El rostro de Adela se enfrió notablemente, y no tenía nada que ver con el frío persistente de la ventana que Egon había dejado abierta.

Esta reacción le resultaba demasiado familiar cada vez que su hijo abordaba el tema de los sueños relacionados con la Primera Emperatriz. Noctavian, sintonizado con sus sentimientos no expresados, se aventuró a hablar.

—Los sueños que tengo sobre él son puramente factuales, Madre. Ella solo me revela el alcance del engaño de su gemelo. Sin embargo, hace mucho tiempo que no experimento uno. ¿Los sueños que ella te mostraba siempre estaban llenos de horror?

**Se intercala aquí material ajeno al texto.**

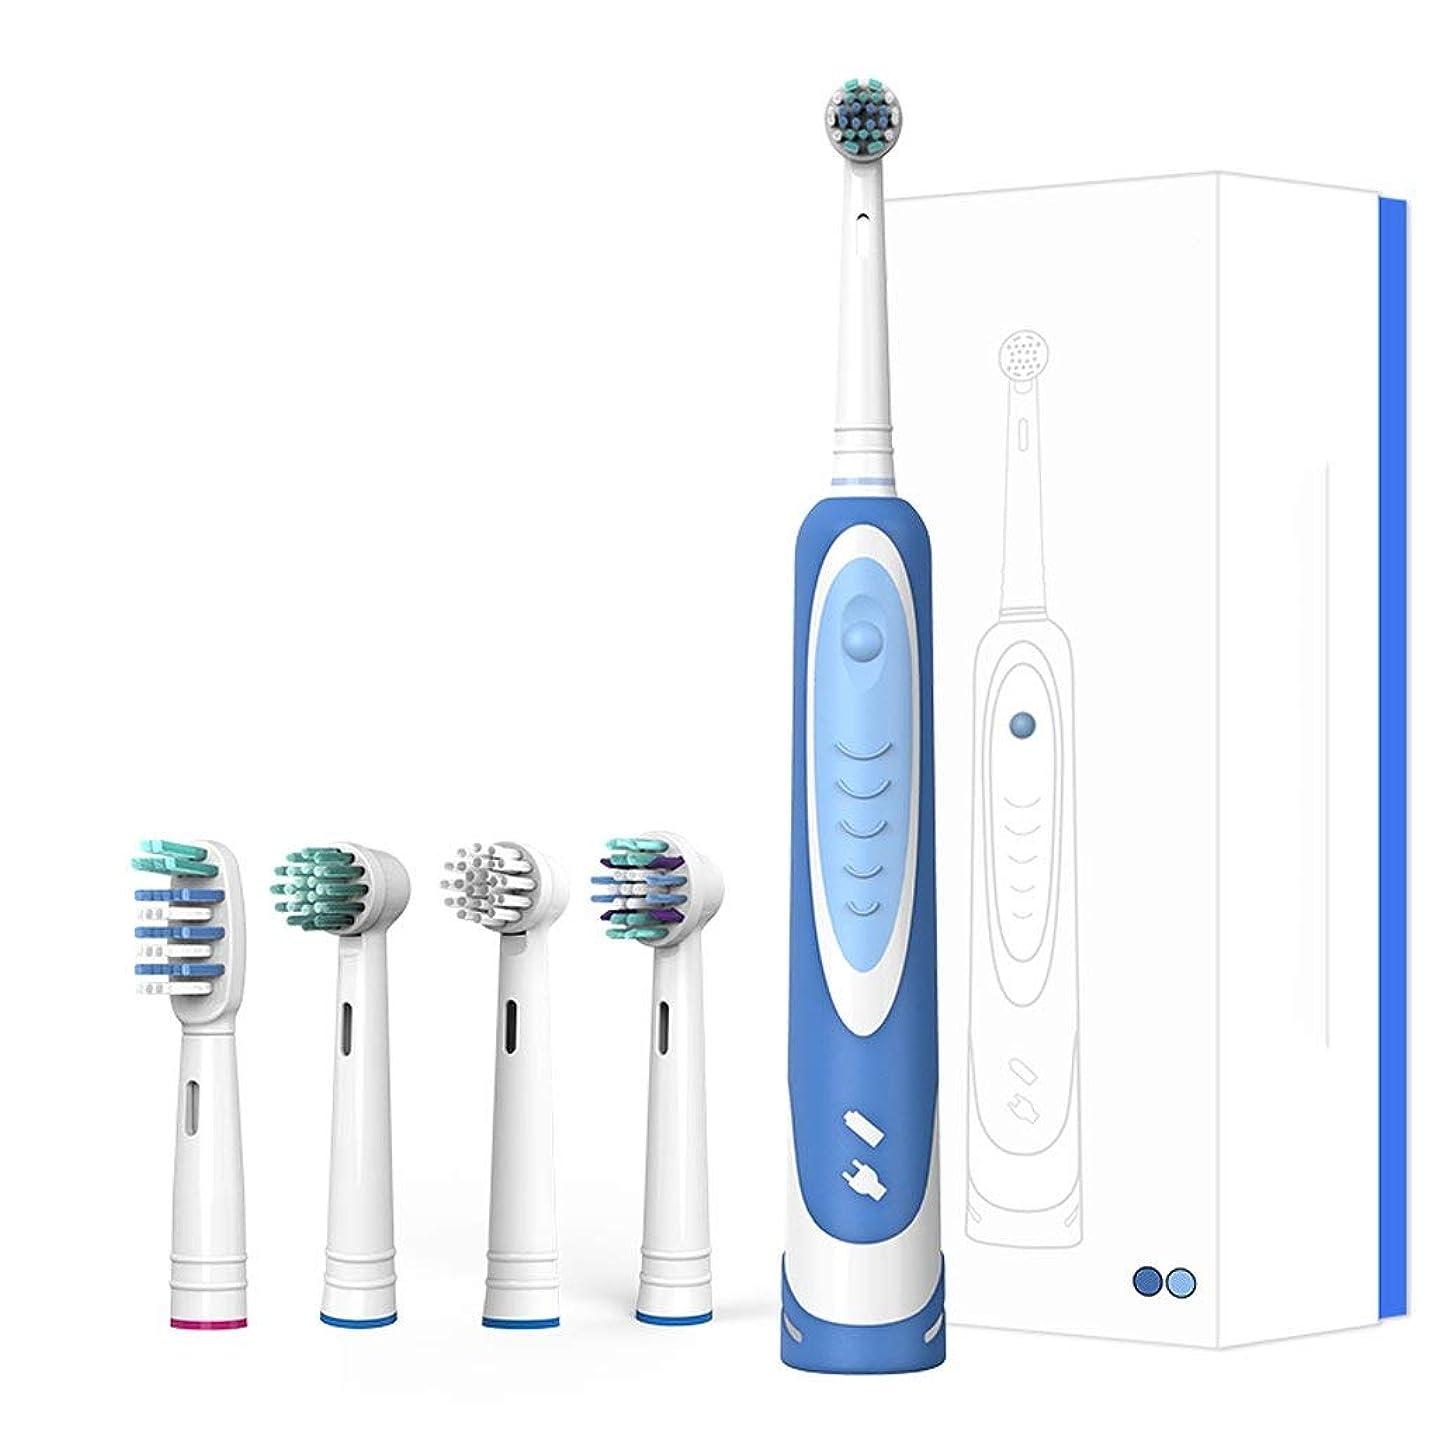 アラブサラボホイッスルソーダ水電動歯ブラシ大人回転式電動歯ブラシ防水スマート歯ブラシ2分スマートタイマー2ブラッシングモード持ち運びが簡単

La mano de Adela acarició suavemente la mejilla de Noctavian, sus ojos verdes irradiando afecto. Ya le había compartido esta historia antes, pero sentía que él preguntaba una vez más por su profunda reverencia hacia la Primera Emperatriz que había pavimentado el camino de gloria para su heredero esperado siglos atrás.

—… Necesitaba conservar toda mi energía durante mi embarazo contigo. Por eso Rauul insistió en que llevara el broche en todo momento, y desde entonces, solo sueños agradables adornaron mi descanso.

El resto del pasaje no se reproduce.